Jacques spent only a few weeks in the trenches before being wounded in the leg, that injury of little long-run consequence save for the fact that it kept him in a military hospital and thereafter invalided, safe from greater harm. The pain from the wound had been terrible, but it had earned him shots of morphine. When he awoke in the field hospital twenty-odd kilometers from the front lines, he was a child again: the murmuring of the nurses melded into song, and the veils covering their hair made them seraphic. The smells of blood, camphor, and phenol reached him, as did the cries of men in pain—but on account of the morphine these did not arouse their customary associations. He babbled, as did the others around him.

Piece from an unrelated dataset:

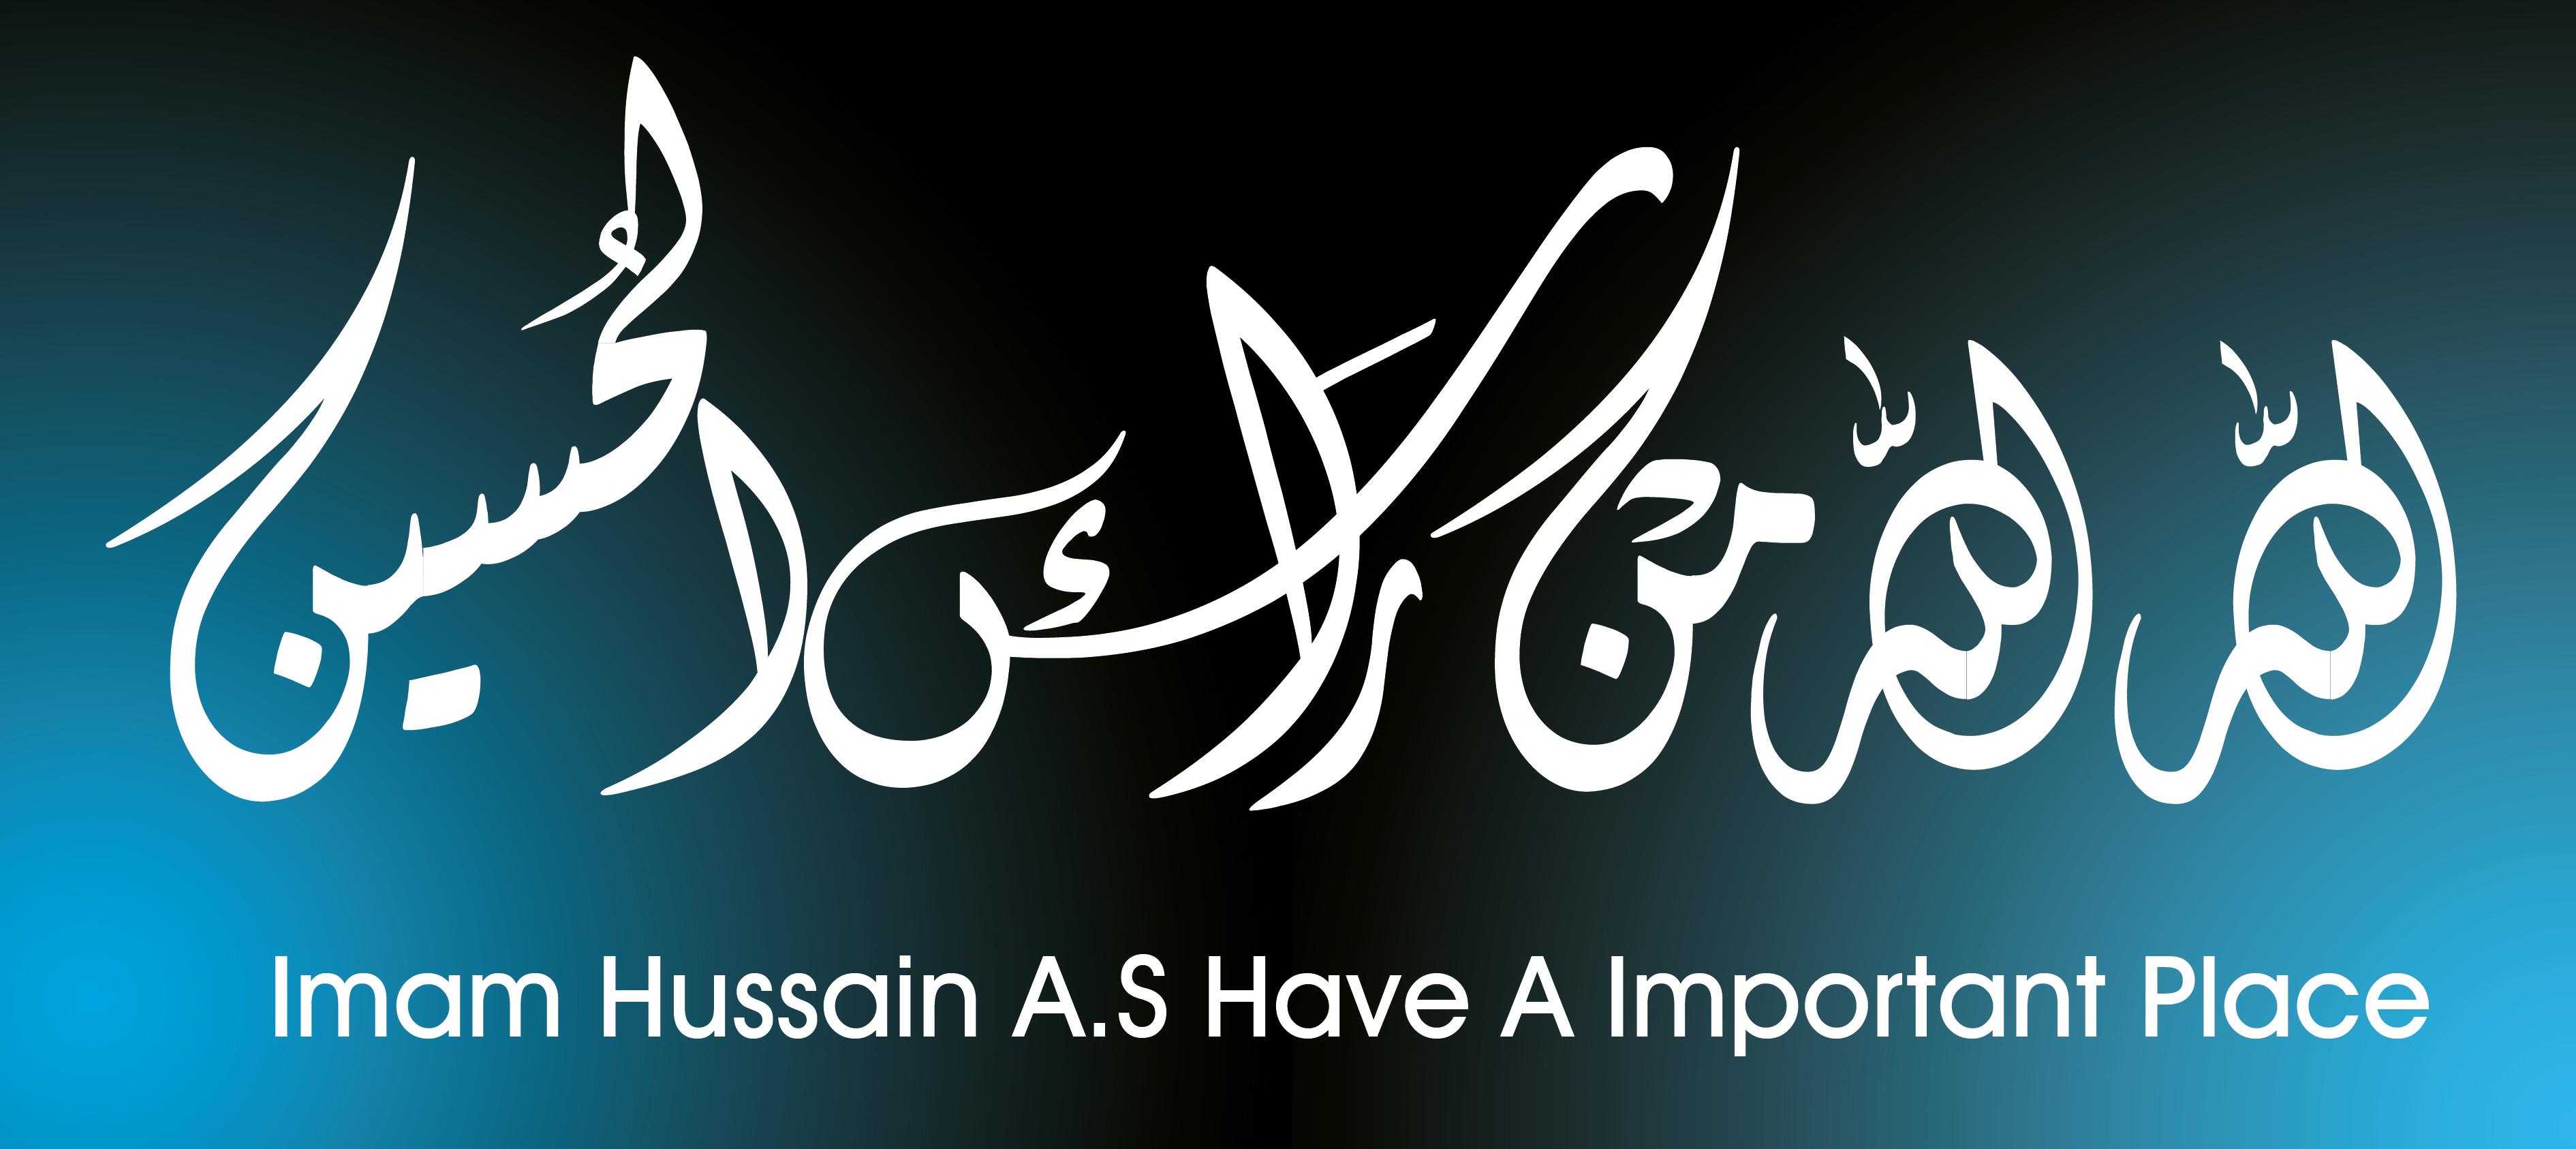 Hazrat Imam Hussain As 025 By Yawarhussain On Deviantart
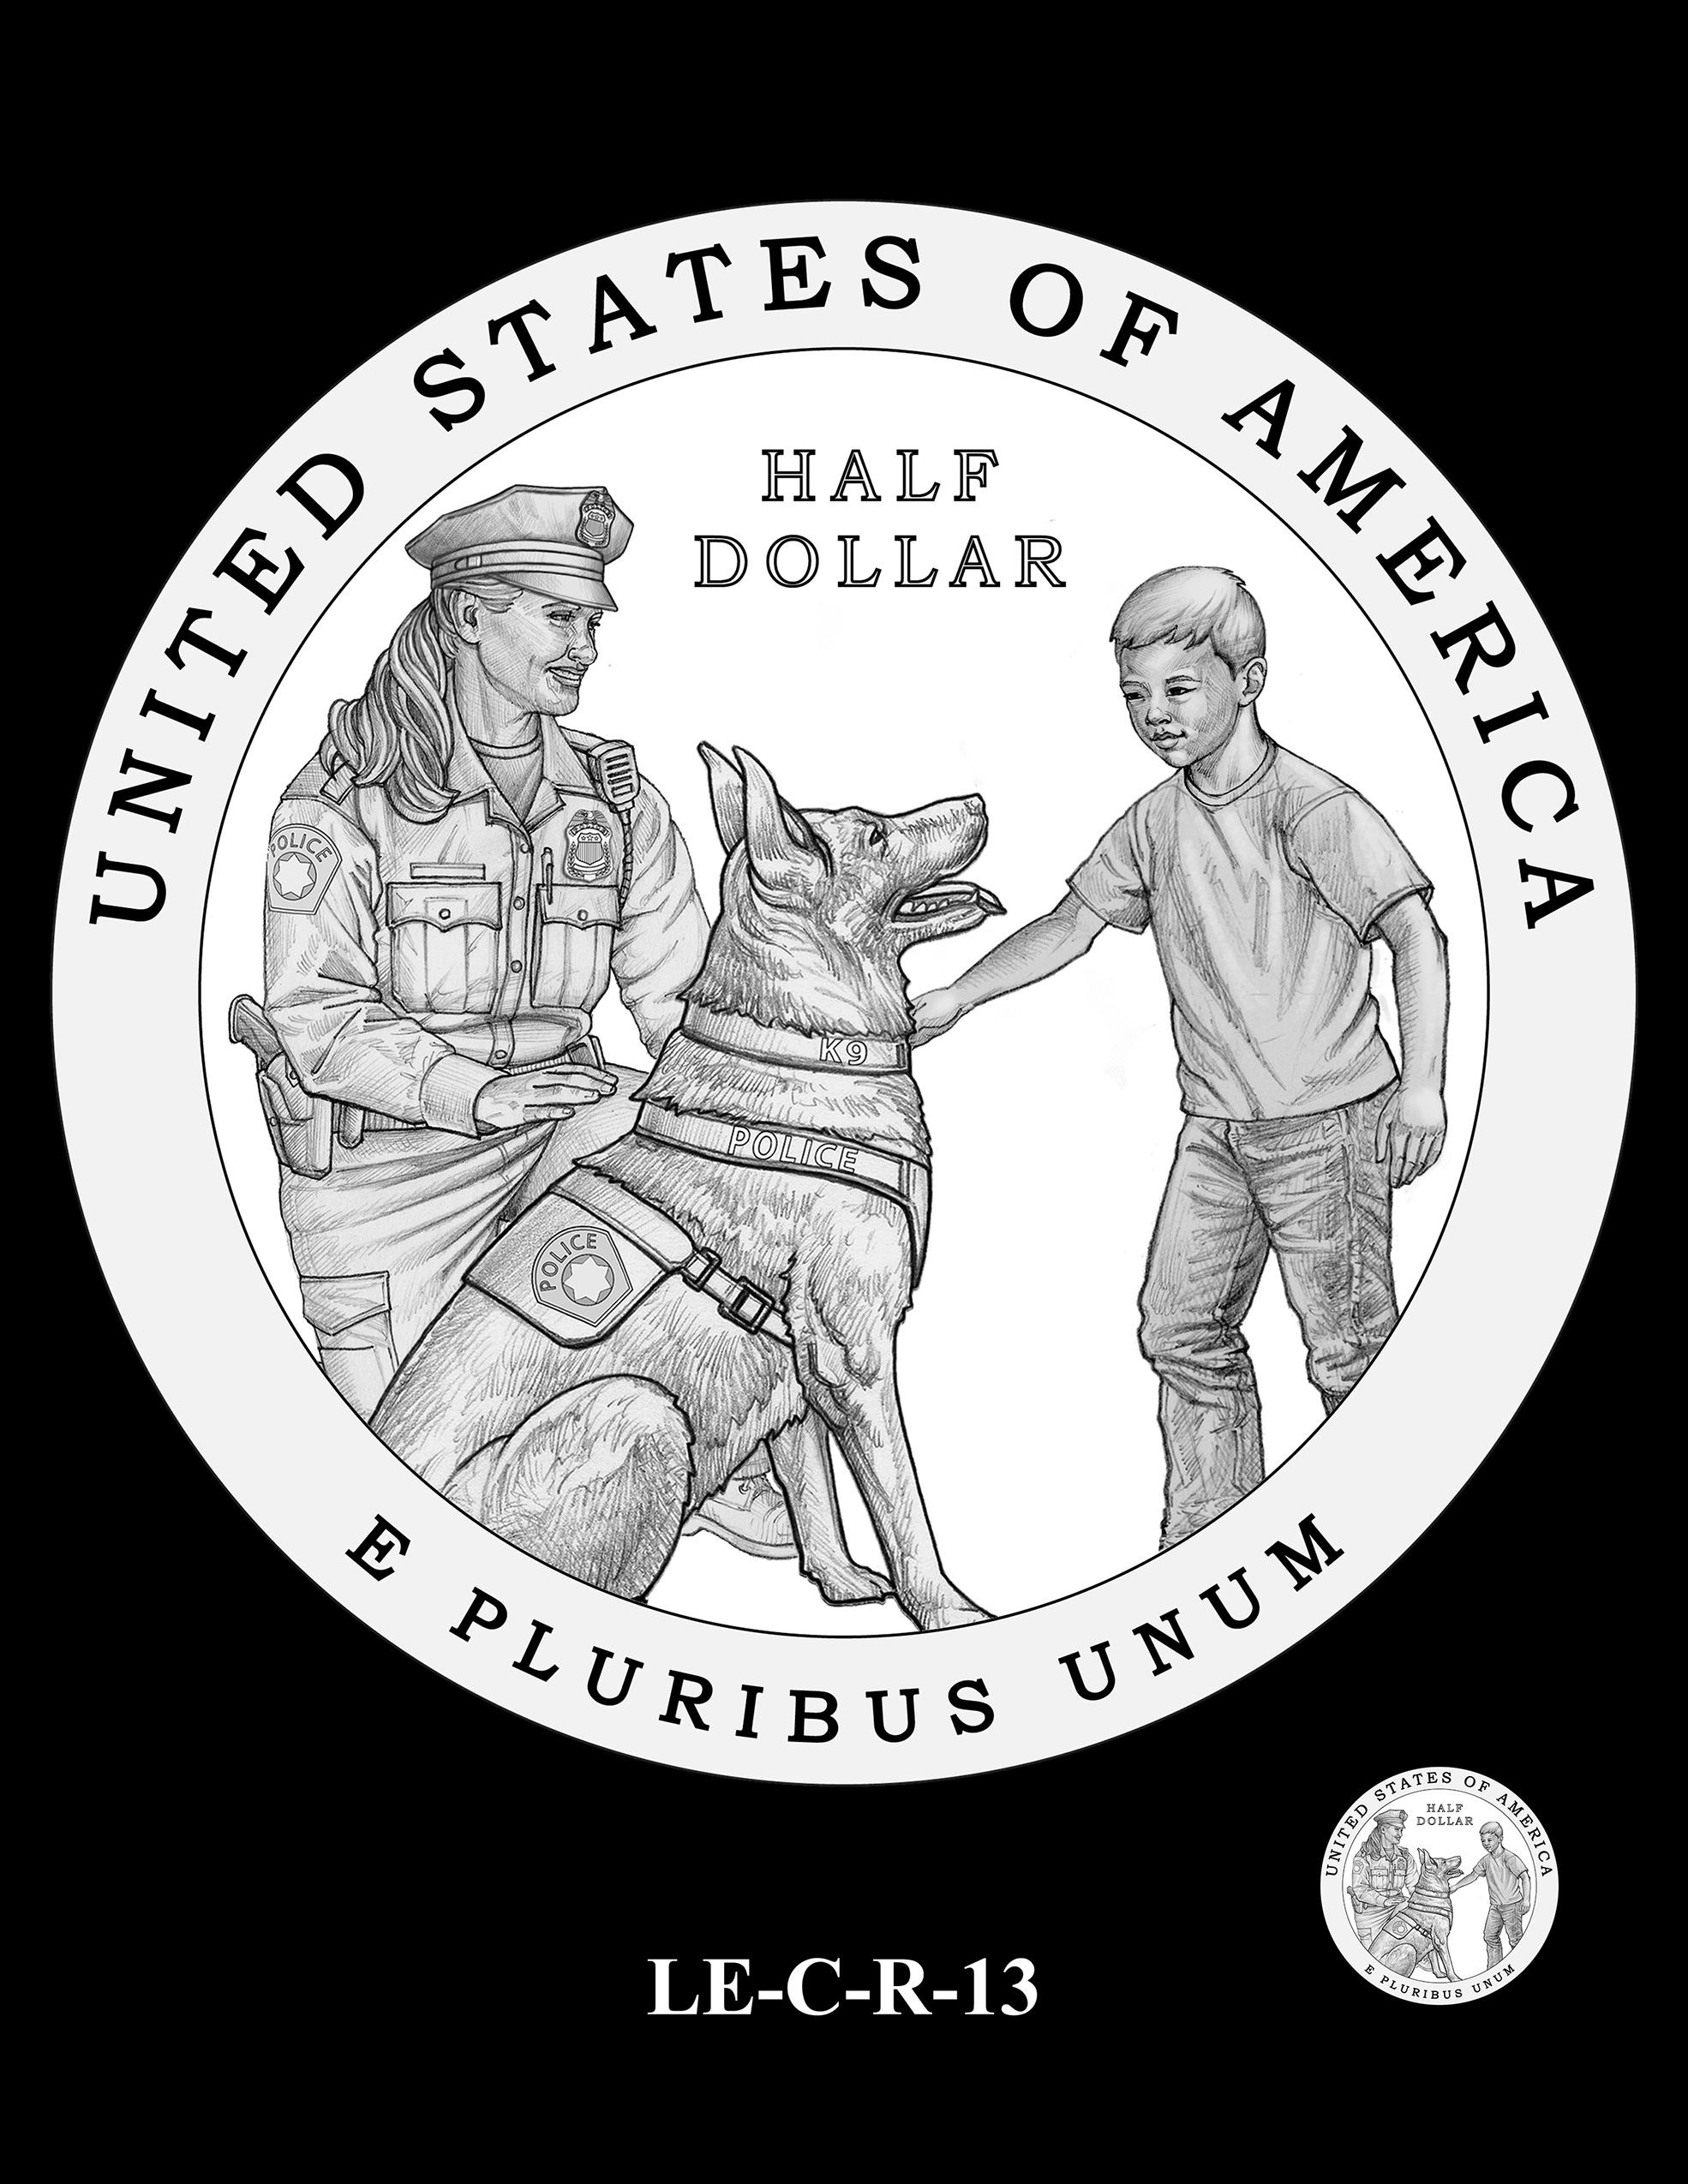 LE-C-R-13 -- National Law Enforcement Museum Commemorative Coin Program

When he had recovered sufficiently to be moved, he was sent to a glove factory remade into a rehabilitation hospital. The men who had lost limbs, noses, portions of jaws, the men whose lungs had been seared by mustard gas regarded Jacques with a mix of envy and contempt: he who would be left with nothing more than a scar, a preternaturally smooth and hairless expanse of skin. Having seen a living man blown to bits—up until the moment he had witnessed it, this turn of phrase had seemed just that, he could not have imagined that a man’s intestines could fly through the air in one direction, while his left leg hurled off in another—Jacques could no longer pretend to himself that he was still preparing for his life to begin. A sympathetic orderly brought him hastily-printed books, and he read poems which had been written at the front by poets now dead, the manuscript having been dispatched to the publisher by a grieving sister or fiancée. If he had died, he supposed it would have been Sala who would have sent a sheaf of his writings to a literary journal, with a note that read in part, “I wonder if you might look over these poems, which were returned to me along with the rest of his personal effects…” But as he had survived, he was not eligible for posthumous publication. The poems he himself mailed off were returned to him with brief notes expressing both admiration and regret, the latter outweighing the former.

He sank into a funk as the morphine was titrated down. He could bear the pain: he missed gazing at the world from a skewed perspective.

Shortly after he was discharged from the hospital, he saw a notice in the newspaper: the department of overseas affairs was seeking teachers for a variety of positions, including ones in Equatorial Guinea, Indochina, and Madagascar. It seemed a sign from the heavens.